- _Data segment_:
Segment Open
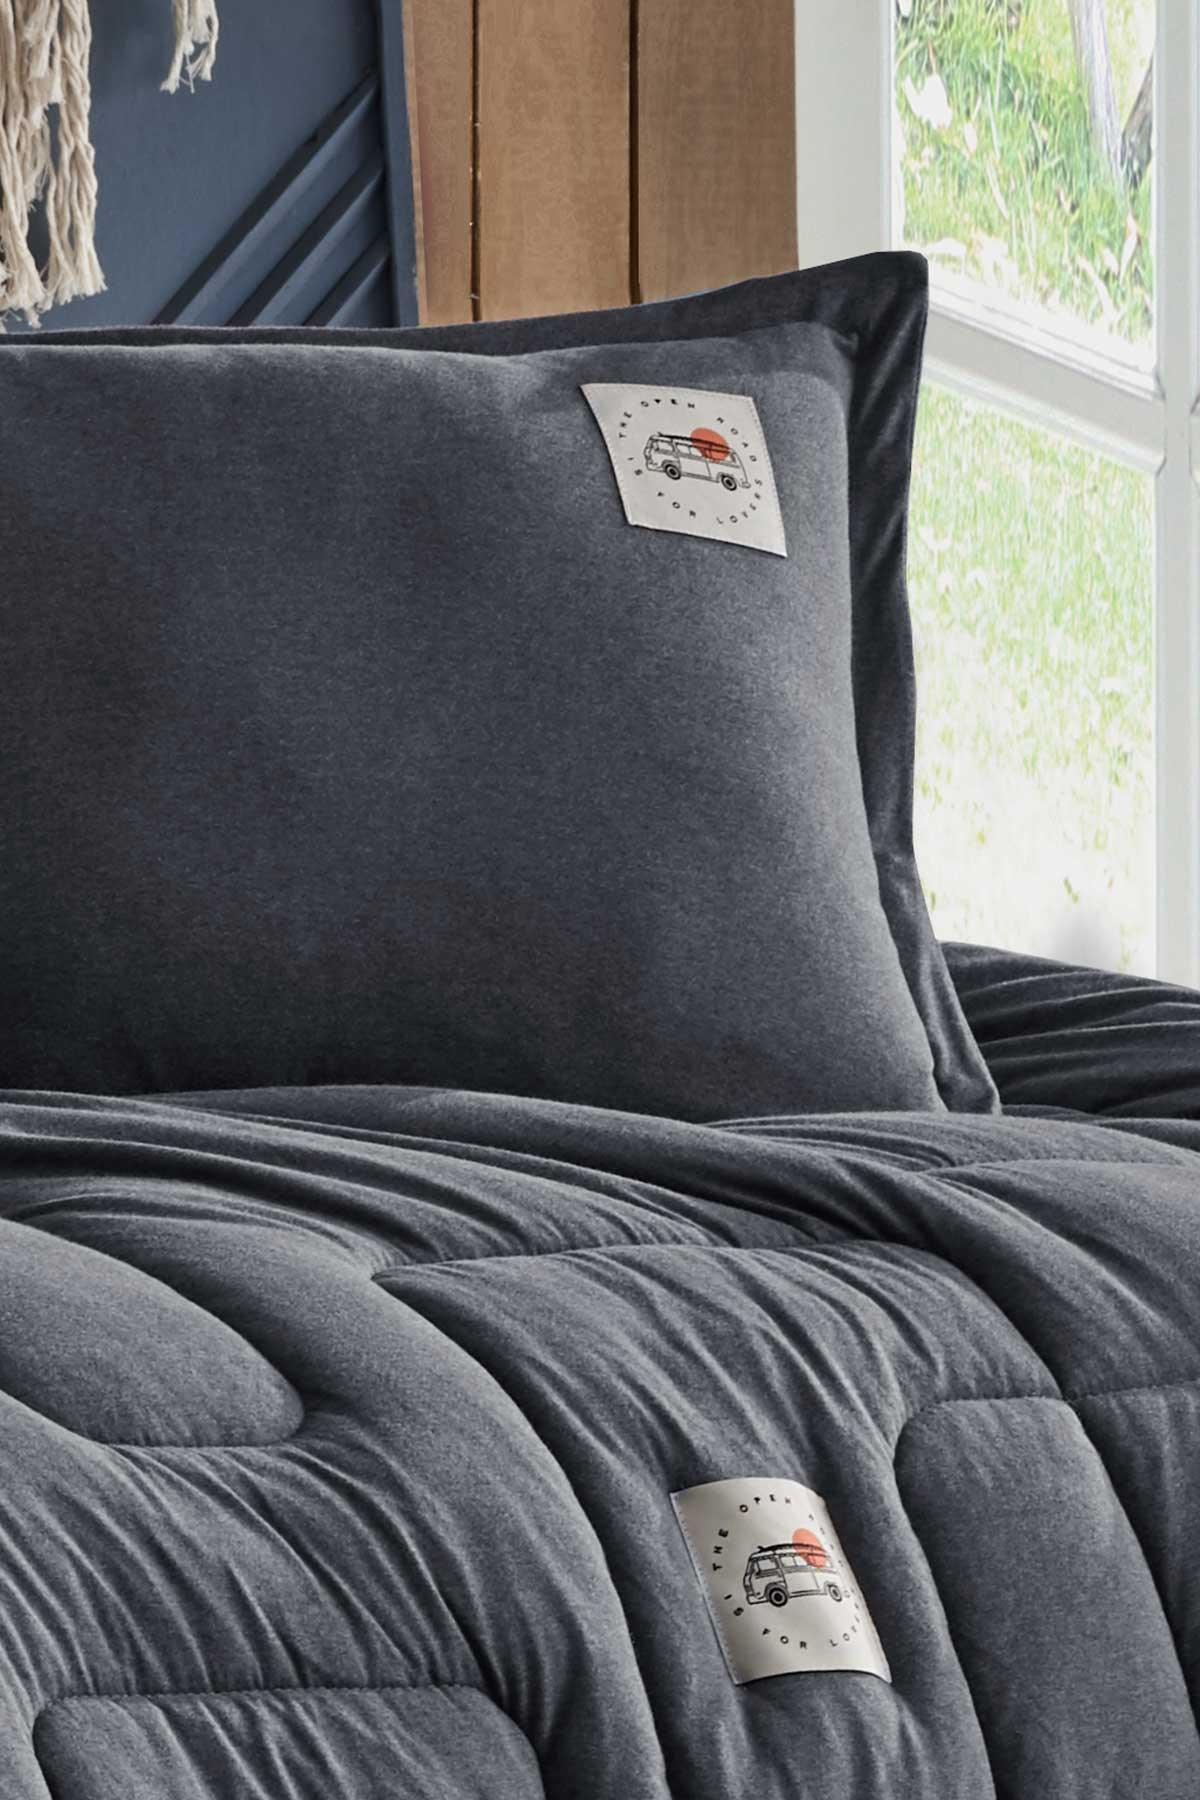 Kapsül Comfort Set Modern Uyku Seti Çift Kişilik Antrasit - Elart Home
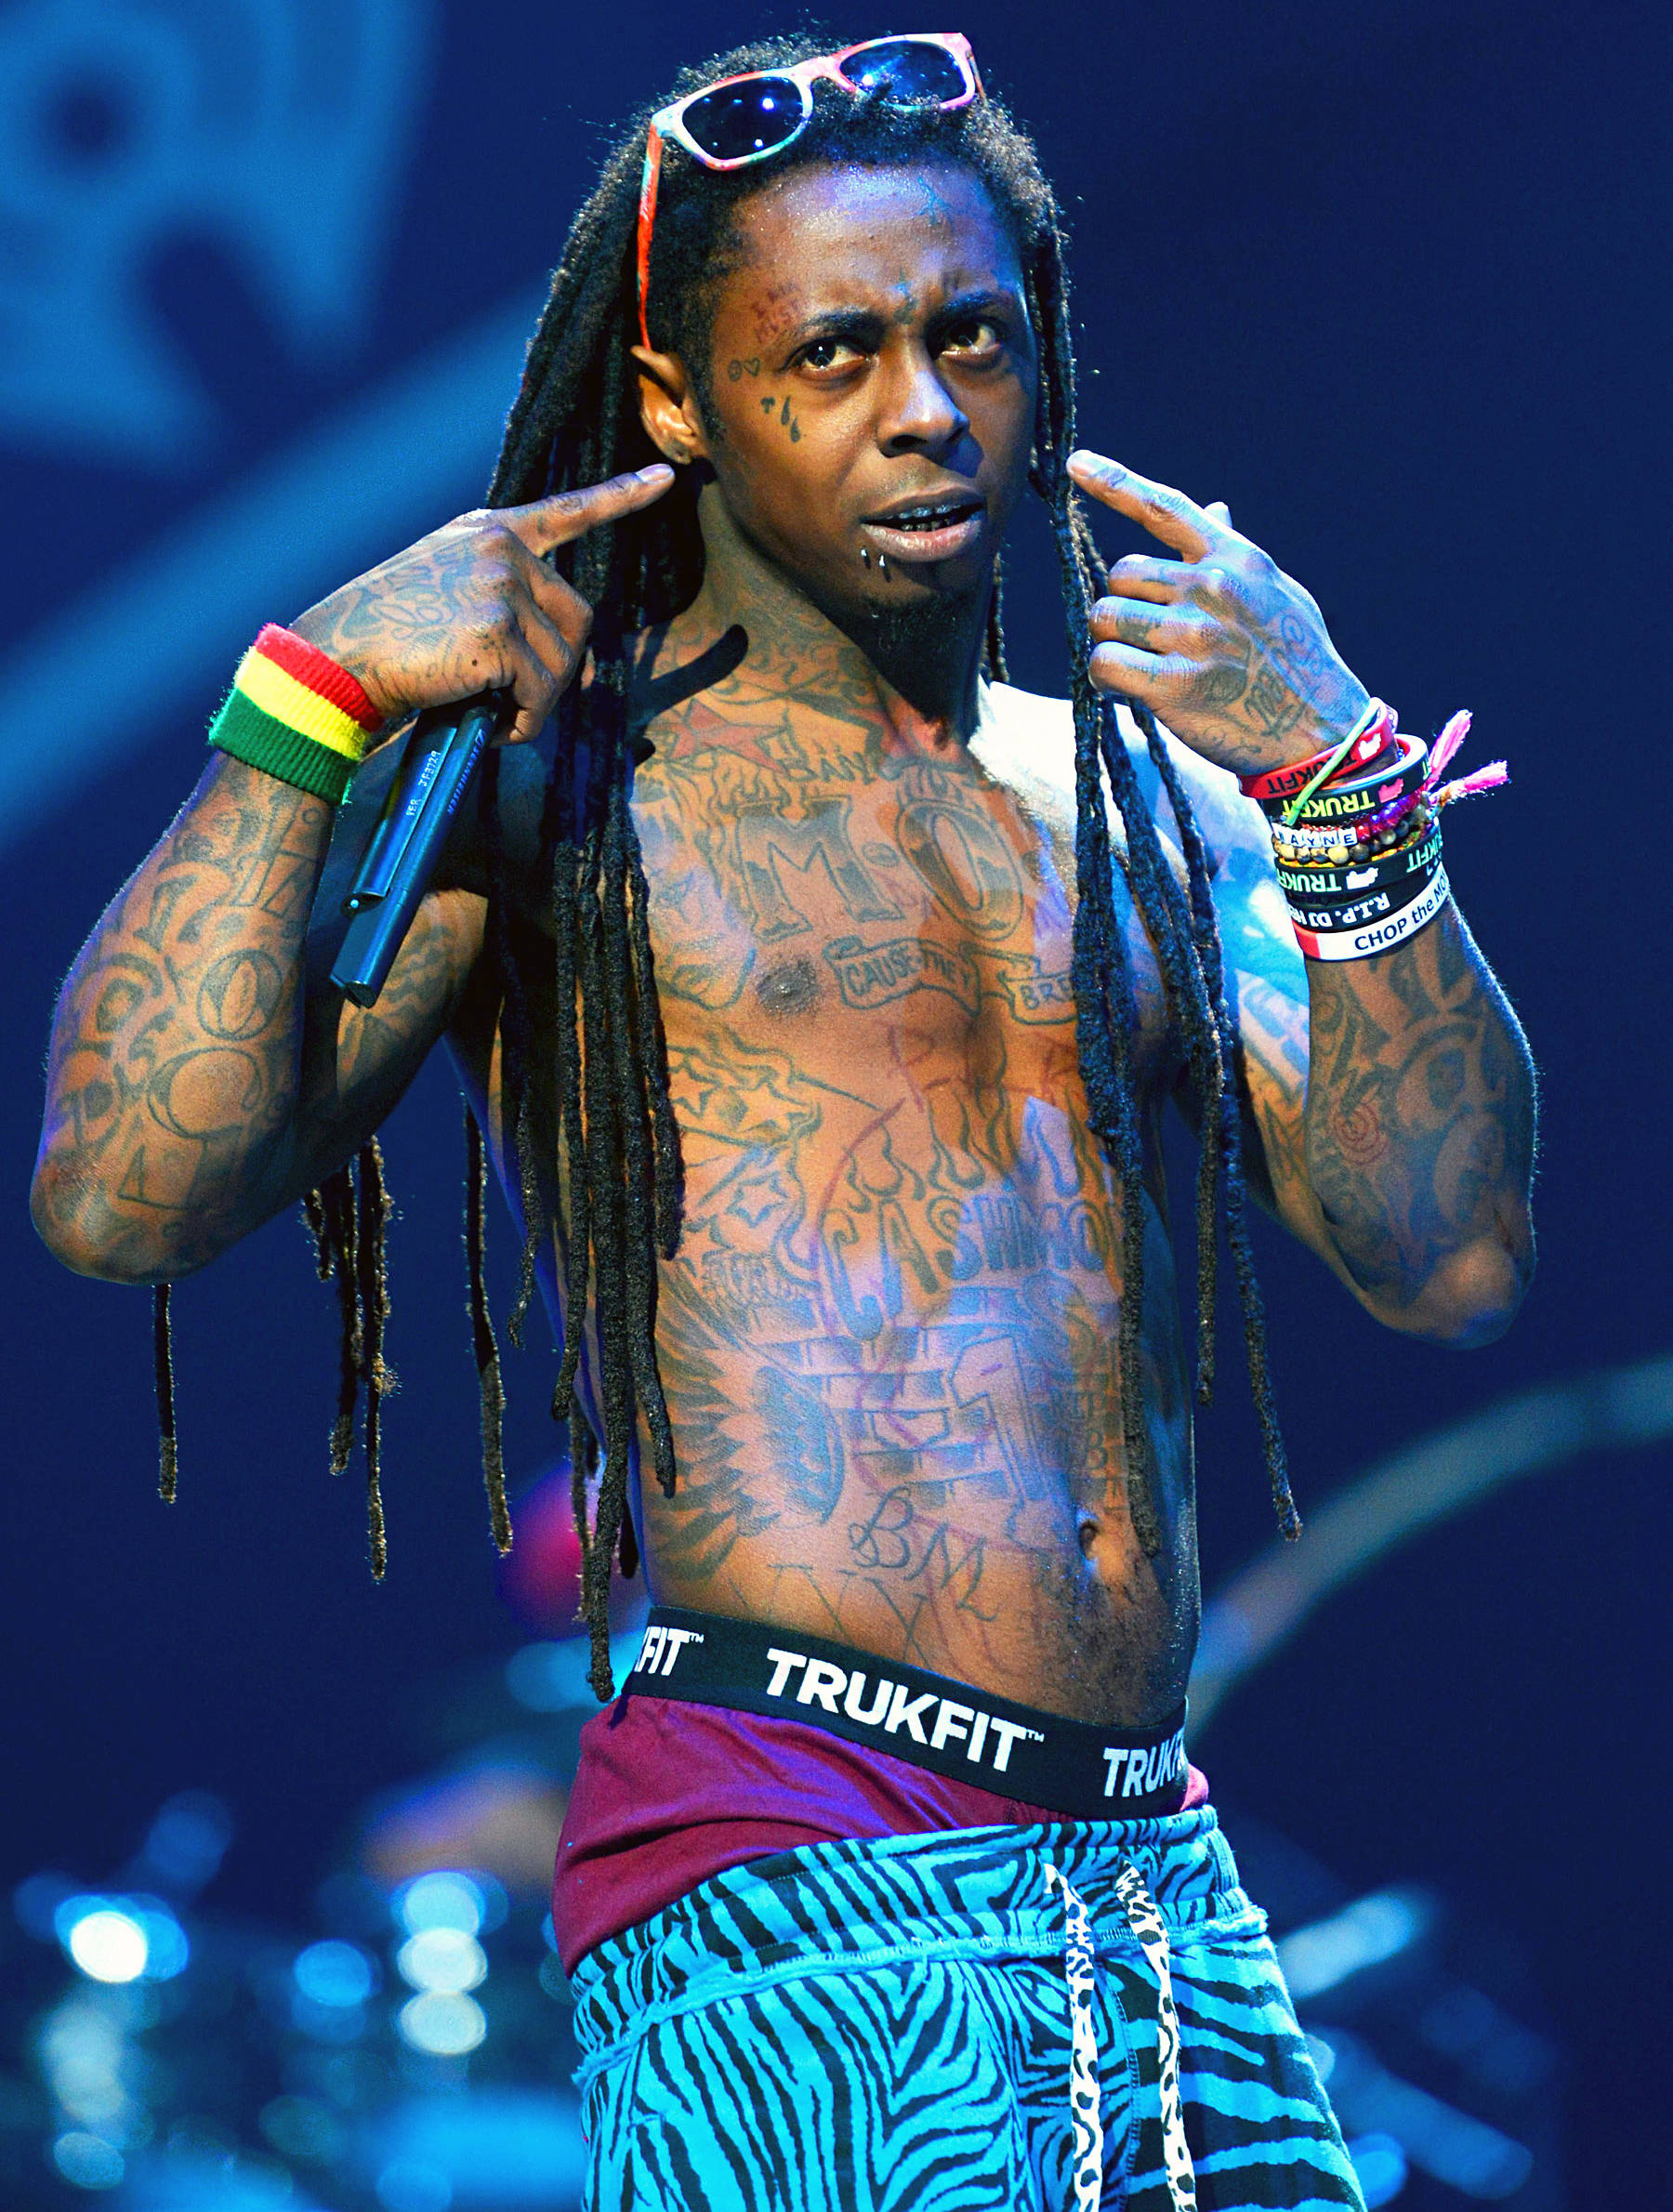 Download Lil Wayne Trunks Wallpaper
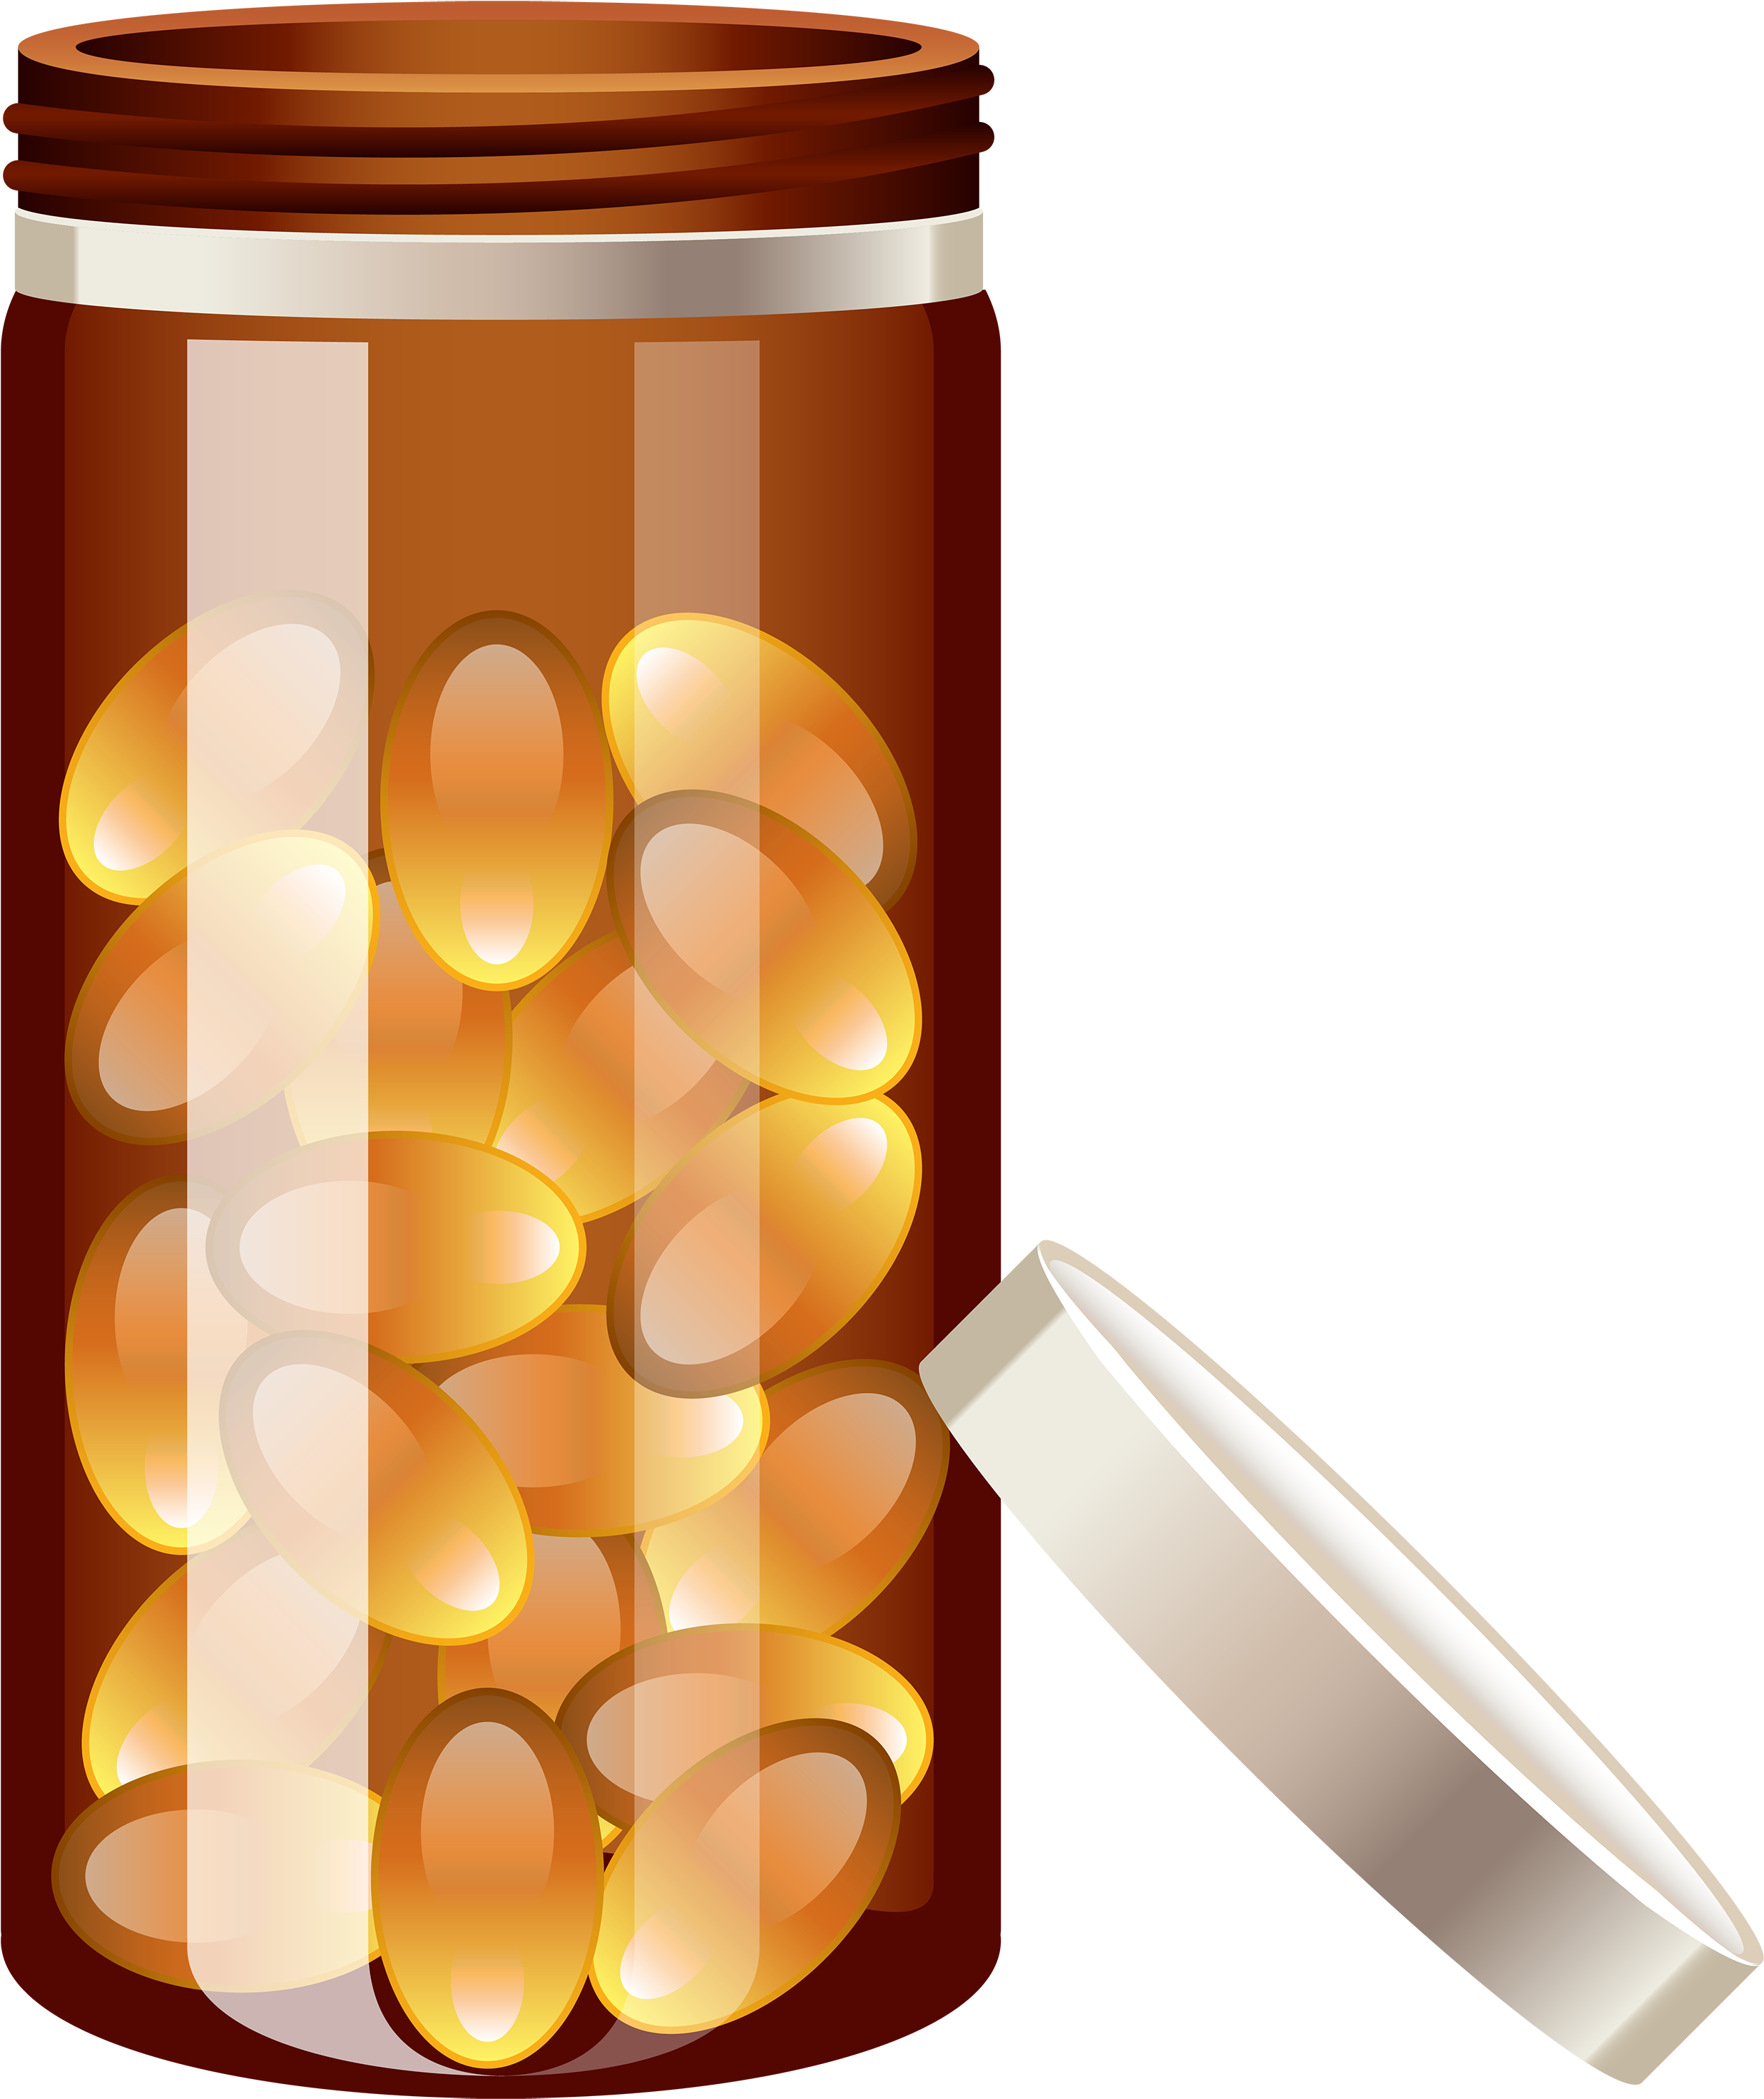 Medication Pills Bottle Vector
Segment Closed
- _About this exercise_: Would you please give the material above again, unchanged but without pictures?

- _Written solution_:
 Kapsül Comfort Set Modern Uyku Seti Çift Kişilik Antrasit - Elart Home
 Download Lil Wayne Trunks Wallpaper
 Medication Pills Bottle Vector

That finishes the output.